UNION, N.J. –– Kean University students got a global learning experience recently, meeting with officials at the United Nations to discuss international careers in public administration.
More than 20 Kean students exchanged ideas and experiences with U.N. staff members, with a focus on public administration and sustainable development, at the meeting held on June 12 in the U.N. Secretariat Conference Room. They also toured the iconic facility in New York City.
“The trip to the United Nations was an amazing experience,” said Hasan Tariq, a Kean senior majoring in communication/public relations, who is president of the Kean chapter of the United Nations Association.
“The best part of the trip was communicating with a couple of United Nations staff members,” he said. “I had never been to the United Nations before, so getting an opportunity where I can have access to a staff meeting and a tour, all I can say is it was surreal. It was great to learn about ways we can have a career in the United Nations.”
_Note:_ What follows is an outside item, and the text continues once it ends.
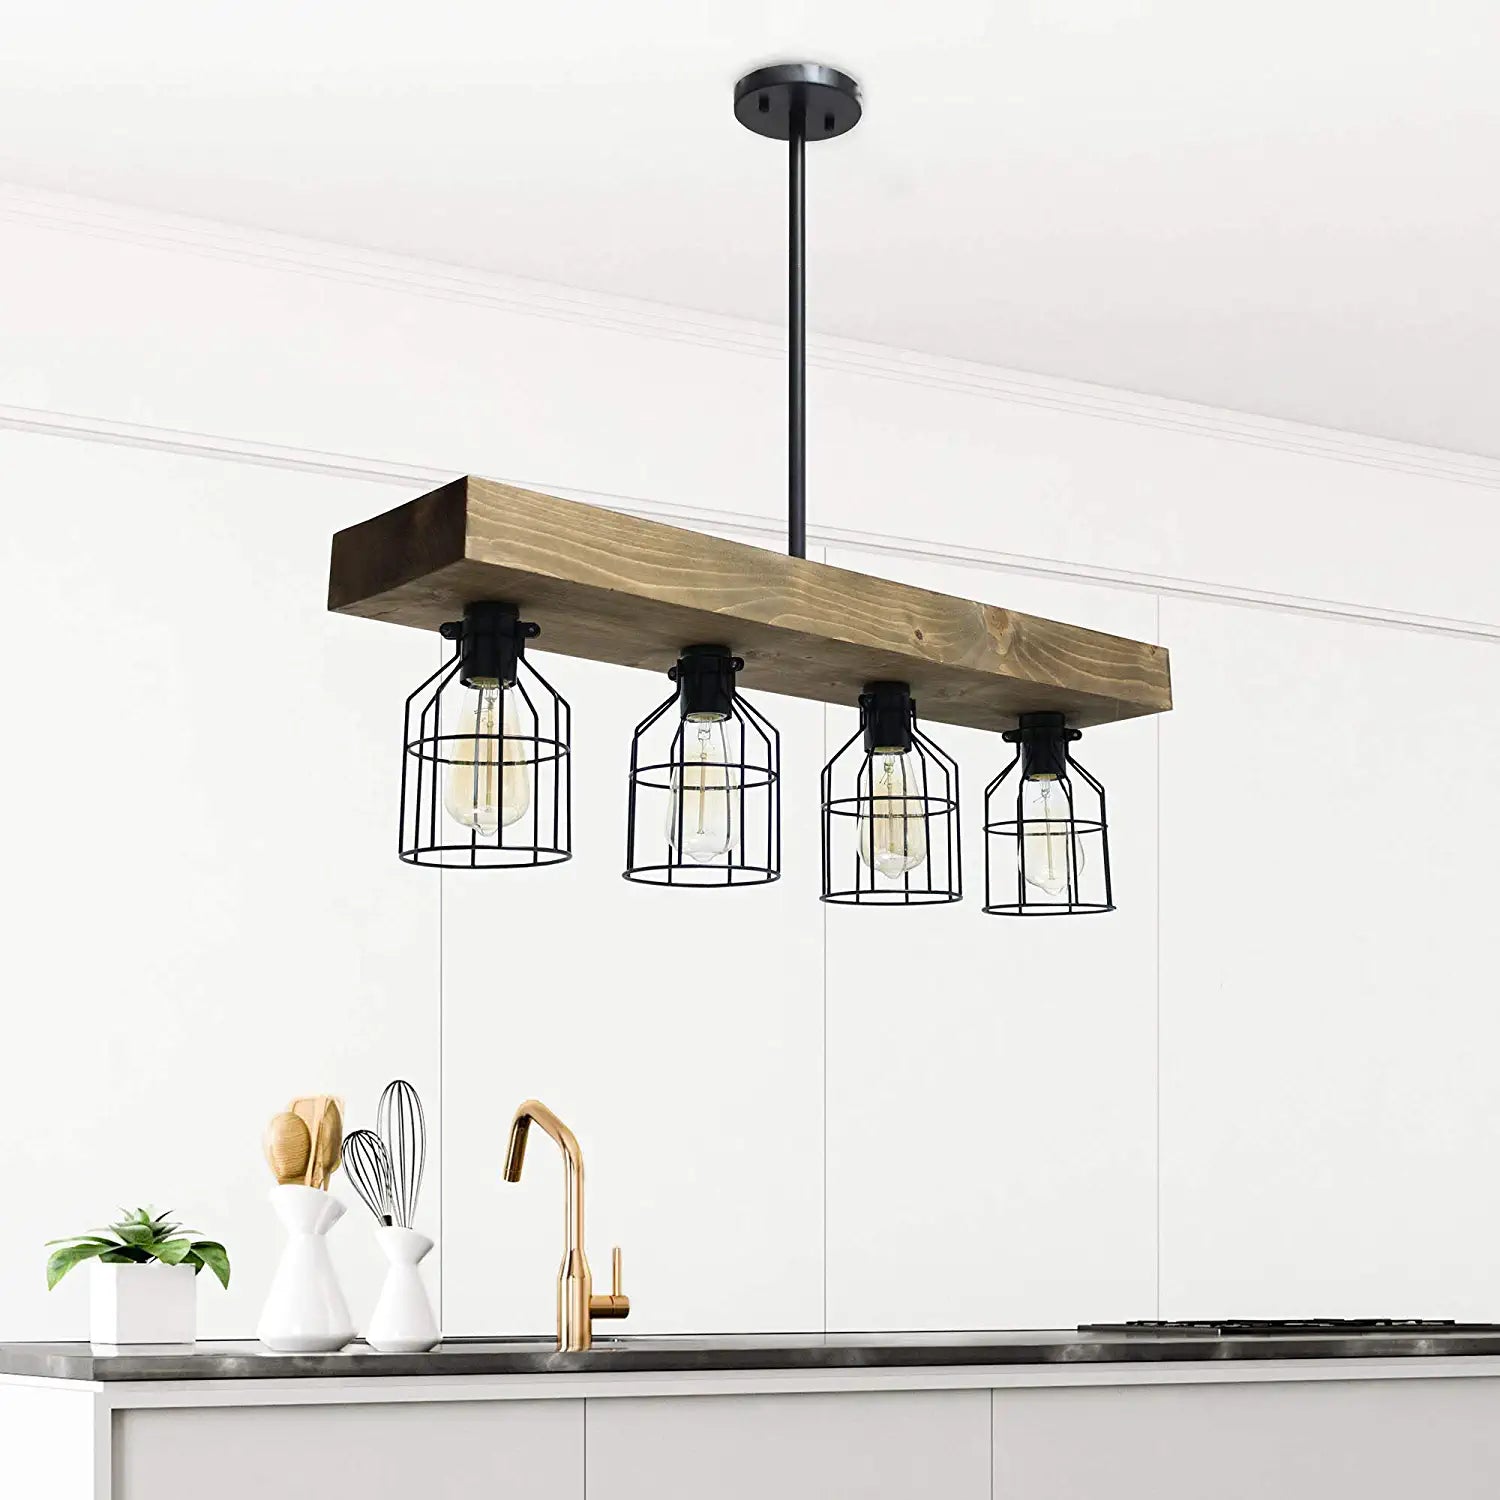 Lalia Home 4 Light Rustic Farmhouse Pendant with Restored Wood Beam and Matte Black Metal Cage Shade

Bok Jeong, Ph.D., assistant professor of public administration at Kean, arranged the Kean-U.N. joint event as part of the public administration program's Global Awareness Initiative. Juwang Zhu, director of the Division of Public Institutions and Digital Government at the U.N., made the opportunity available to Kean.
The participants discussed sustainable development and the role and impact of public service throughout the world. Students also heard from United Nations senior staff about the career paths they took and got advice on career preparation to work in the global arena.
“We were given constructive, practical advice directly from the people who’ve had to navigate through this competitive and technical field,” said Scout Hartley, a 2019 Kean graduate in the Master of Public Administration program.
“It was a lesson we don’t always hear from textbooks. It will help us academically and professionally,” he said.
Jeong thanked both the U.N. and Kean, and said the meeting was an opportunity that will benefit Kean students’ learning.
“This experience will have a life-lasting impact on the students’ career plans and practices,” he said.